Но странное дело; чем больше порол меня мой хозяин, тем большую привязанность я к нему чувствовал. Моя ирландская кровь волновалась, но я ни разу даже не попытался его укусить, хоть порой он драл меня без милосердия, так что я катался по траве и визжал благим матом. 

Говорят, что женщины особенно любят того, кто обходится с ними при пособии вышесказанного ненавистного орудия. К сожалению, я никогда не был женщиною и не могу судить, насколько это справедливо. 

Три года прошло, и прошло не бесследно для моего развития и самоусовершенствования. Я стал ясно понимать, что долг сам по себе, а увлечение тоже само по себе, что за исполнение долга иногда хвалят, а за увлечение обязательно высекут, и что таким образом долг выше увлечения. 

Принципиально, конечно; на деле это не всегда бывает, в особенности у натур поэтических, как моя, например. Да и чем я виноват, что у меня ирландская кровь, и что долг мне всегда представляется в образе бухгалтера коммерческого банка с пером за ухом и гемороем в пояснице? Во всяком случае, я привык охотиться в компании с другими собаками и у меня сменилась холодною рассудительностью та зависть или как, выражаются обыкновенно, та охотничья жадность, которая заставляла было меня во все ноги бросаться на чужую стойку и сгонять чужую птицу. Я нашел, что поступать так и неразумно и невыгодно, и пришел к убеждению, что Белькруа великий человек, и что по части собачьей педагогии у него есть истины, которые и не снились древним мудрецам. 

Вчера намеревались отправиться на охоту, но дождь помешал. У Алексея Петровича тем не менее собралась целая компания и просидели весь вечер. 

Были и собаки, но… только и была одна хорошенькая — желто-пегая Лола, по-видимому, аристократка из английских.

Я было хотел оказать ей несколько любезностей, как следует и прилично джентльмену чистой крови, но в это время преогромный косматый дурак черной масти толкнул меня очень грубо и, отворотясь в сторону, проворчал эпитет, весьма нелестный для моей особы. Я немедленно повернулся к нему задом, поднял хвост и ощетинил шерсть на спине, как это принято в нашем кругу для выражения презрения, и в свою очередь отпустил несколько соответственных эпитетов с соблюдением, впрочем, полнейшего приличия в присутствии дамского пола. 

Дуэль между нами казалась неизбежна и я уже соображал, какое повыгоднее принять положение, чтобы взять своего противника, по обыкновению, мертвой хваткой в горло и показать ему наглядно, что такое ирландские зубы. 

Но вдруг над нами прокатилось могучее: — Ну-у-у! 

Бедная Лола так и упала на пол от страха, мы тоже расползлись — кто под стол, кто под диван, основательно соображая, что дуэль теперь была бы несвоевременна и неминуемо повлекла бы за собою вооруженное вмешательство посторонних личностей по методе Беллькруа. 

Из под дивана, куда я залез, я стал рассматривать собравшихся охотников: типы! 

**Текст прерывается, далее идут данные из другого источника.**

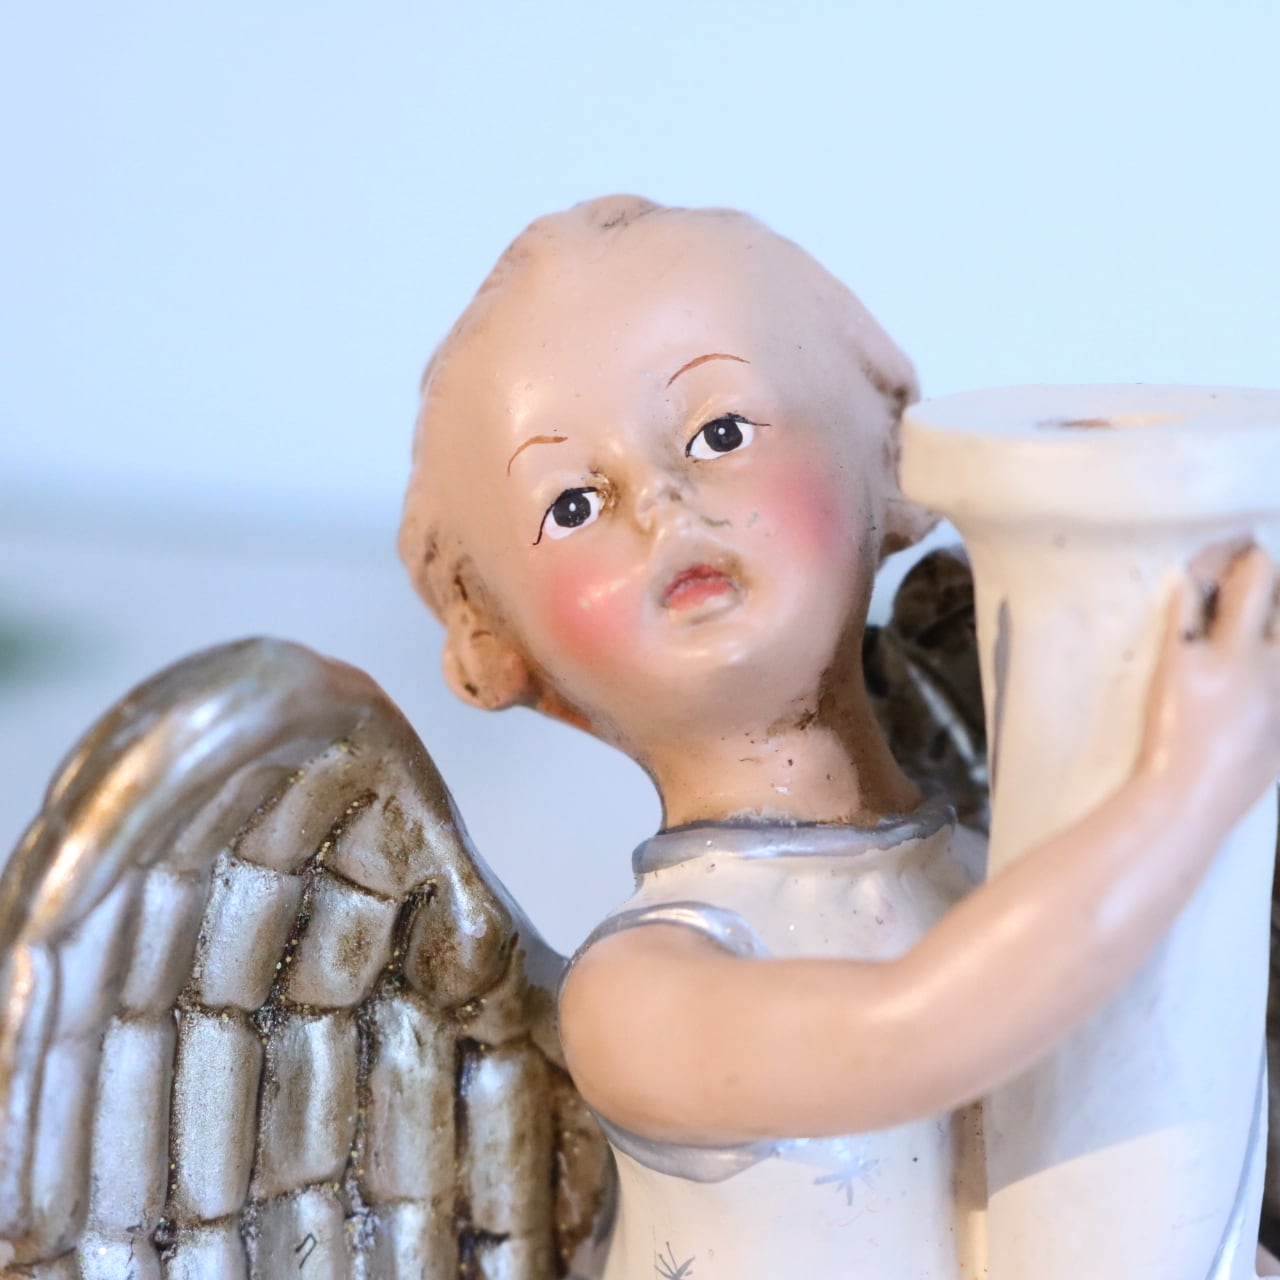 【ZA2211-U47】天使の像 陶器製 ブロンドの天使 エンジェル

Один пожилой с поседевшими усами, с глазами, доброе выражение которых мало гармонировало с его вечно нахмуренным лбом и иронической улыбкой, кривившей его губы, был, по-видимому, авторитетом между ними и хозяином хорошенькой Лолы. После я убедился, что эта авторитетность была заслуженная. 

Убедился также, что водку и коньяк он мог пить как воду; качество, говорят, между людьми не последнее. 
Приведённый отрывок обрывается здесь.